Juan Antonio Trigueros 1 , Juan Antonio Riesco 2 , 3 , Bernardino Alcázar-Navarrete 3 , 4 , Anna Campuzano 5 , Joselín Pérez 5
05 November 2019
International Journal of Chronic Obstructive Pulmonary Disease
pulmonary disease, chronic obstructive, chronic bronchitis, phenotype, pulmonary emphysema, quality of life, asthma
This cross-sectional multicenter study was performed aimed at describing the clinical characteristics of women with COPD attended in routine daily practice in Spain.

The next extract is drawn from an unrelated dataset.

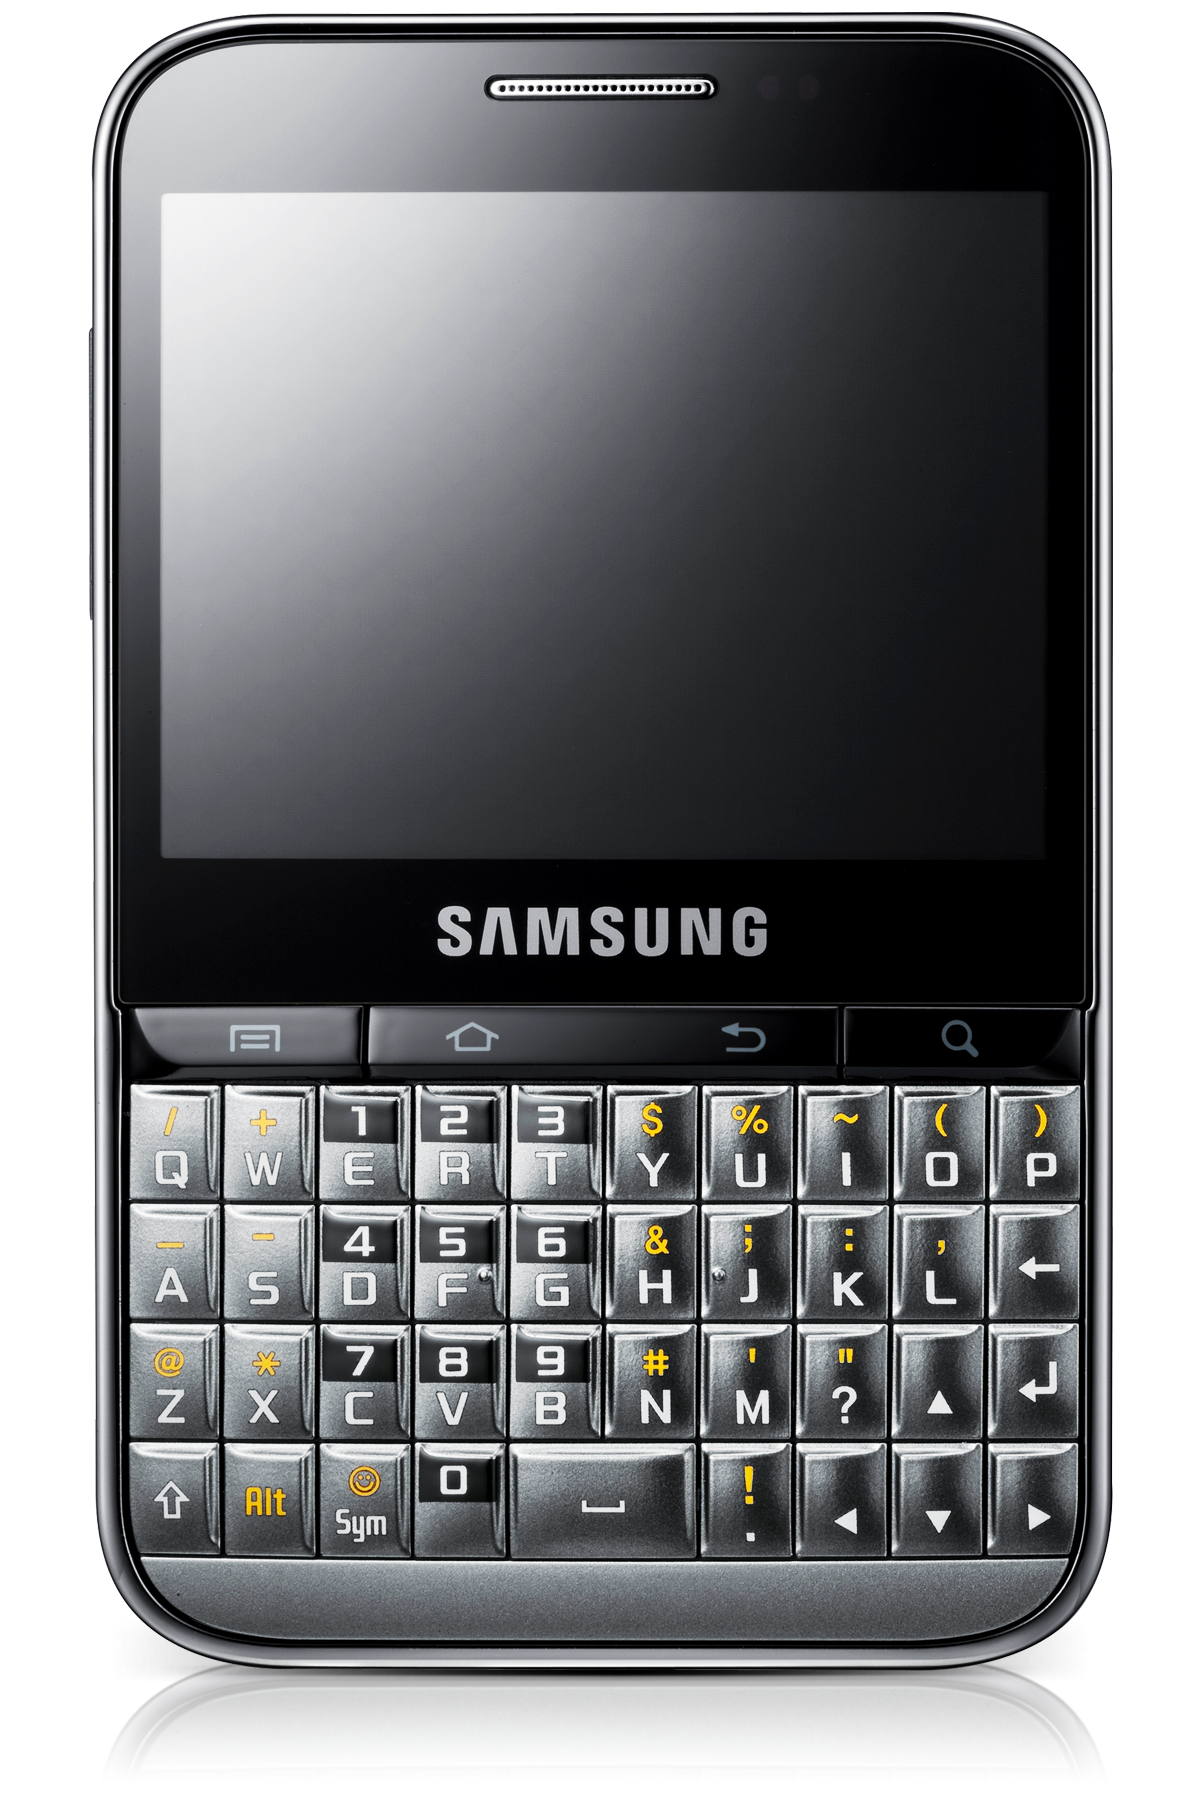 Samsung Galaxy Pro b7510. Samsung Galaxy Pro gt-b7510. Samsung Galaxy Pro 7510. Samsung с кверти клавиатурой. Кнопочный андроид без камеры

Of a total of 1610 consecutive patients diagnosed with COPD recruited in primary care centers and pneumology services throughout Spain over a 90-day period, 17.9% (n=286) were women, with a median age of 62 years. Differences in COPD phenotypes by sex were statistically significant ( P = 0.002). Males as compared with females showed a higher prevalence of non-exacerbator (47.9% vs 42.2%) and exacerbator with chronic bronchitis (22.9% vs 18.8%) phenotypes, whereas the ACOS phenotype was more common among females (21.7% vs 12.9%). The mean (SD) CAT score was similar in men than in women (20.8 [9.0] vs 21.2 [8.7], P = 0.481), as well as the impact of the disease on the quality of life according to CAT scores of <5 (no impact), 5–9 (low), 10–20 (medium), >20 (high), and >30 (very high). Sex-related differences according to smoking status were statistically significant ( P < 0.001), with a higher percentage of men as compared with women in the groups of current smokers and ex-smokers; never-smokers were higher in women (9.1%) than in men (0.6%). The mean number of comorbidities was 2.01 (1.43) (95% CI 1.93–2.09) in males and 1.99 (1.42) (95% CI 1.83–2.16) ( P = 0.930) in females, but cardiovascular diseases (hypertension, ischemic heart disease, chronic heart failure) were more frequent in men, whereas metabolic disorders (osteoporosis) were more frequent in women.